Mistakes from Famous Books

Perhaps some of the authors should have sought out lisa-barry.co.uk...
  1. In Harry Potter and the Goblet of Fire, it says Harry says to Sirius in one of his letters that Dudley chucked his Playstation out of the window. However, book 4 takes place in 1994, and the Playstation wasn't launched in the UK until 1995. (My brother noticed this one-- obviously!)
  2. In the Da Vinci Code, Silas has severe albinism and should be legally blind. People with even mild albinism have impaired vision due to lack of retinal pigmentation. There is no way Silas would be able to fire a gun over a distance with any accuracy or drive a car, yet he does both these things.
  3. In the Green Mile, at the start of Part 6, the men let Percy out of the closet. They take the tape off his mouth and he starts to rub his lips, then lowers his hand to speak. Problem is he's still in the straight-jacket at this point.
  4. In the Godfather, the age of Tom Hagen when he moved in with the Corleones is never consistent. At the start of Book I, Michael says Tom was 12 when Sonny brought him home and demanded they take him in; later in Book I, Tom says both he and Sonny were both 11. Then, in Book III, when recounting how Sonny had taken part in an armed robbery when he was 16, Don Corleone says that Tom had been living with them for three years at this point, which would place Sonny and Tom at 13 when Tom moved in.

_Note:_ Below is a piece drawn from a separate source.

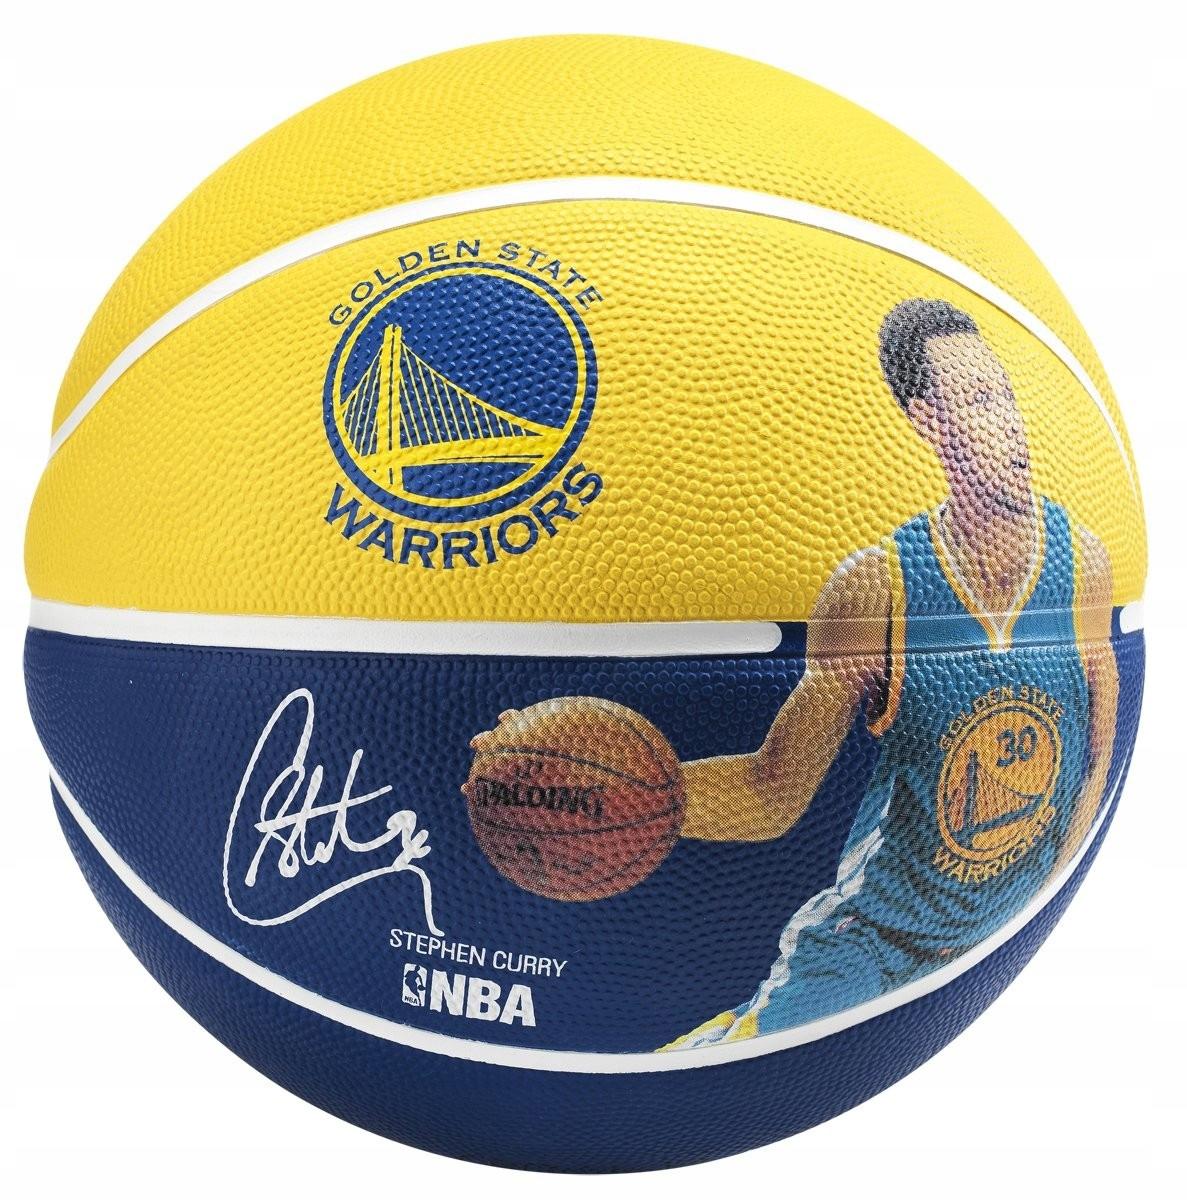 Lopta SPALDING NBA STEPHEN CURRY 7

  5. In Breaking Dawn, on page 39, it said that when Charlie got up Bella made him pancakes. Later, it says that Charlie scowled into his cereal bowl.
  6. In It, Eddie's broken arm changes around, sometimes it's the left arm that's broken, sometimes it's the right.

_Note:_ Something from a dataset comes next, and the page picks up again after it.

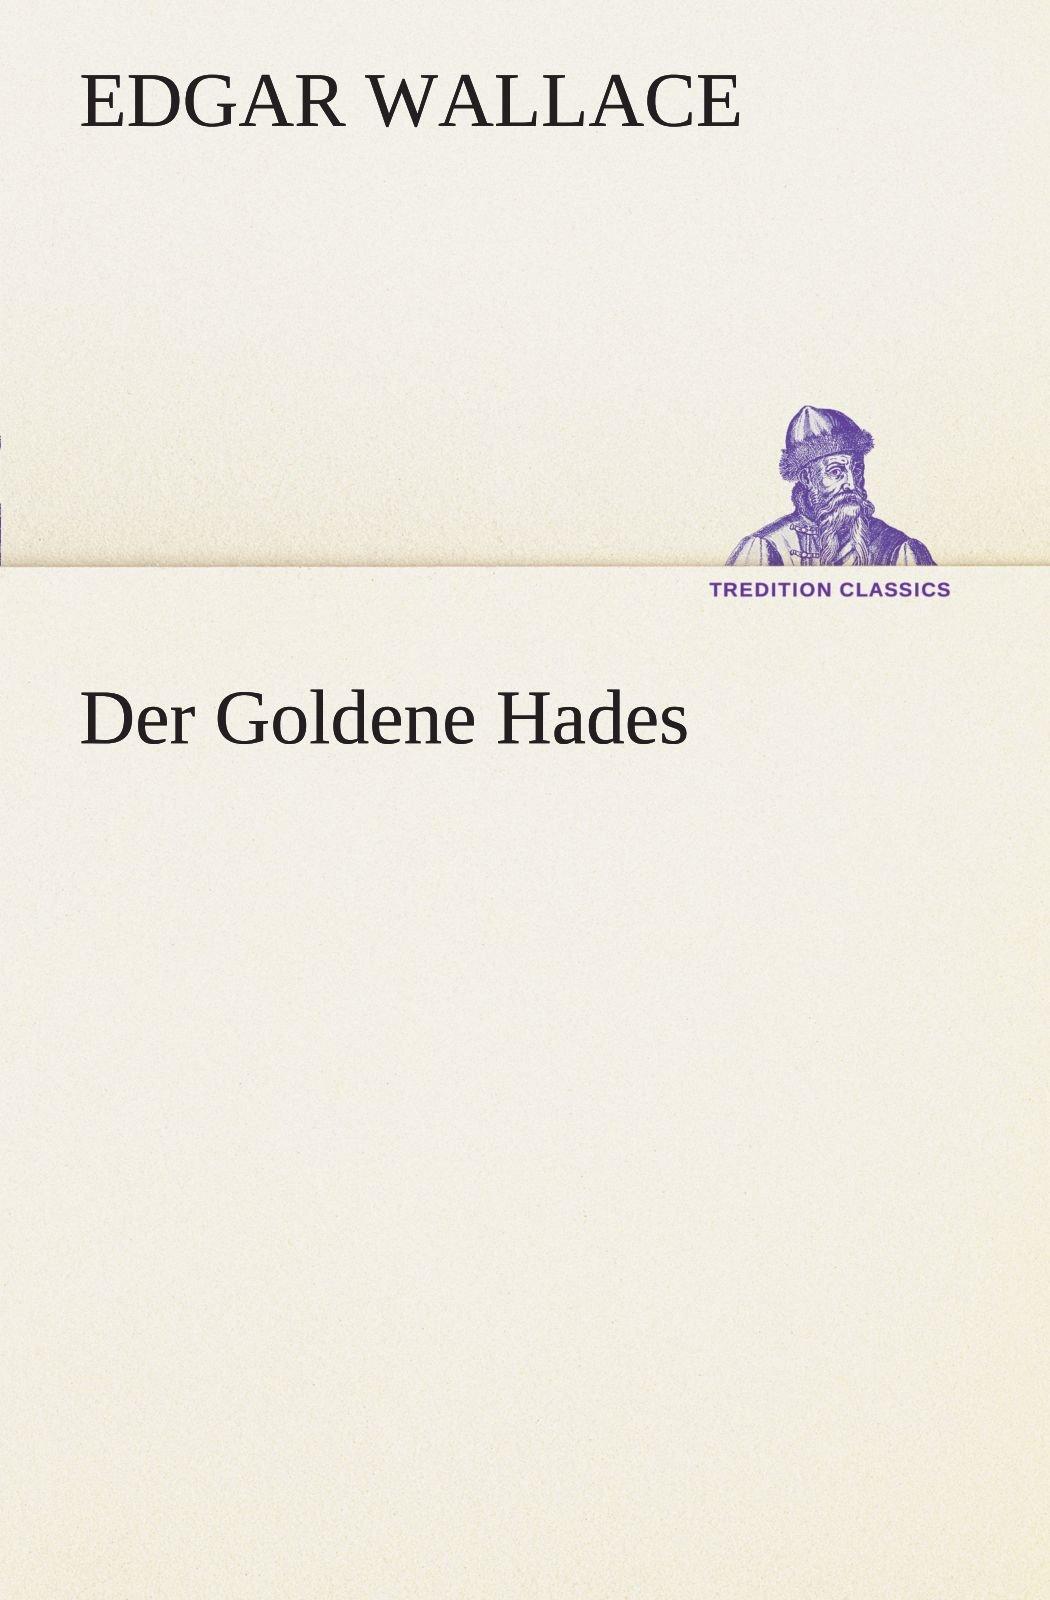 Download Der Goldene Hades (TREDITION CLASSICS) (German Edition) pdf epub

  7. In Angels and Demons, when Vittoria shows Kohler and Langdon the underground lab, she searches for the dial tone on her cellphone (and fails as they are underground), thrice. Cellphones don't have dial tones.
  8. In the Mixed-Up files of Mrs. Basil E. Frankweiler, Claudia and Jamie stay in one of the museum's beds while hiding out in the museum. The card at the foot of the bed claims that the bed itself was the "scene of the alleged murder of Amy Robsart, wife of Robert Dudley, Earl of Leicester". Except that Amy Robsart was killed when she fell down the stairs in her house - nothing at all to do with a bed. The Metropolitan Museum would have done some research into that.